Polish national MP Tadeusz Iwiński (left) said "the decision of the Russian archives is a good step in a late but inevitable process, which is Polish-Russian reconciliation".

"I can be pleased with this decision as the Russian side announced it will make more and more real gestures and actions of this type," said national MP Janusz Piechociński from the conservative Polish peasants party (PSL).

MP Karol Karski from the conservative Law and Justice party (PiS) of Kaczyński asked for the opening of all Soviet achieves related to the Katyń massacre. "It would be seen as an action for a new start," he said.

President's death accelerated rapprochement
Contexte : 

Germany invaded Poland in 1939 while Soviet forces occupied the eastern half of the country. As a consequence, tens of thousands of Polish military personnel fell into Soviet hands and were put in prison camps inside the Soviet Union.

After the German invasion of the Soviet Union in June 1941, the Polish government-in-exile (located in London) and the Soviet government agreed to cooperate against Germany, and a Polish army on Soviet territory was to be formed.

When Poland requested the return of 15,000 prisoners of war from the Soviets, the Soviet government informed Poland in December 1941 that most of those prisoners had escaped to Manchuria and could not be located.

In April 1943, Germany announced they had discovered the mass graves of Polish officers in the Katyń forest near Smolensk: a total of 4,443 corpses were recovered.

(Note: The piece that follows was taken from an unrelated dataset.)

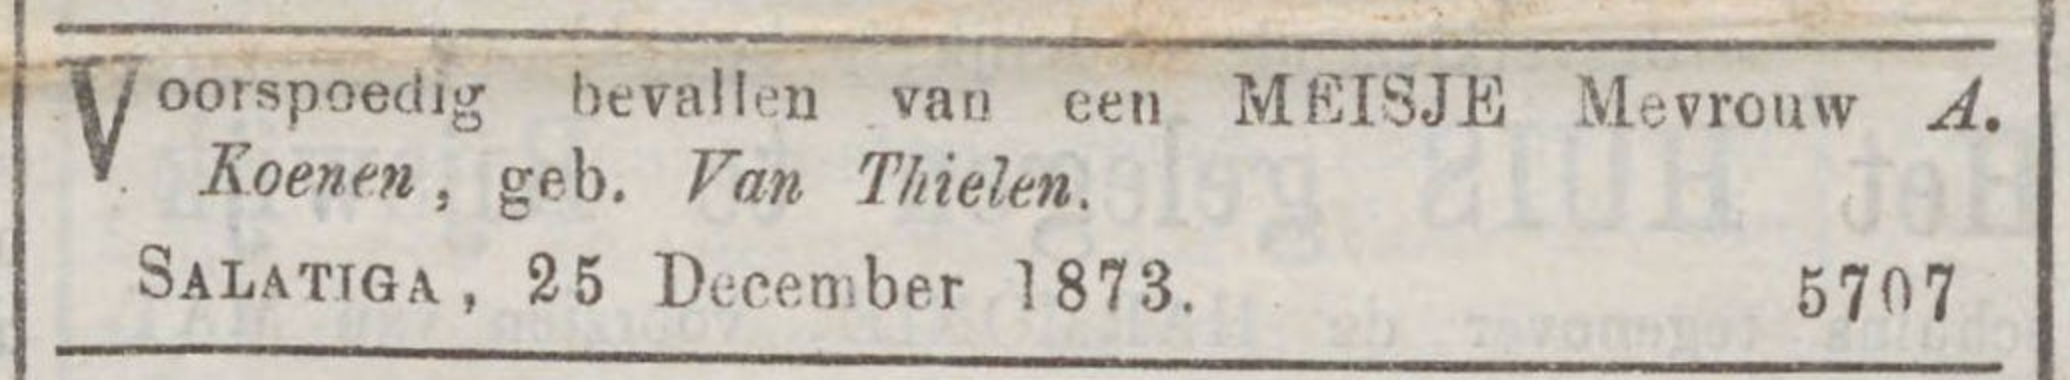 Tilly Koenen geboorteadv 1873

The Soviet government then claimed that the Poles had been engaged in construction work west of Smolensk in 1941 and the invading German army had killed them after overrunning that area in August 1941

President Kaczyński, his wife and 94 officials were killed April 10 in a plane crash in western Russia en route to a ceremony commemorating the Katyń massacre (EurActiv 10/04/10). As analysts pointed out, the sincere sympathy of the Russian people and leadership towards Poland over the tragic accident marked an improvement in bilateral relations (EurActiv 14/04/10).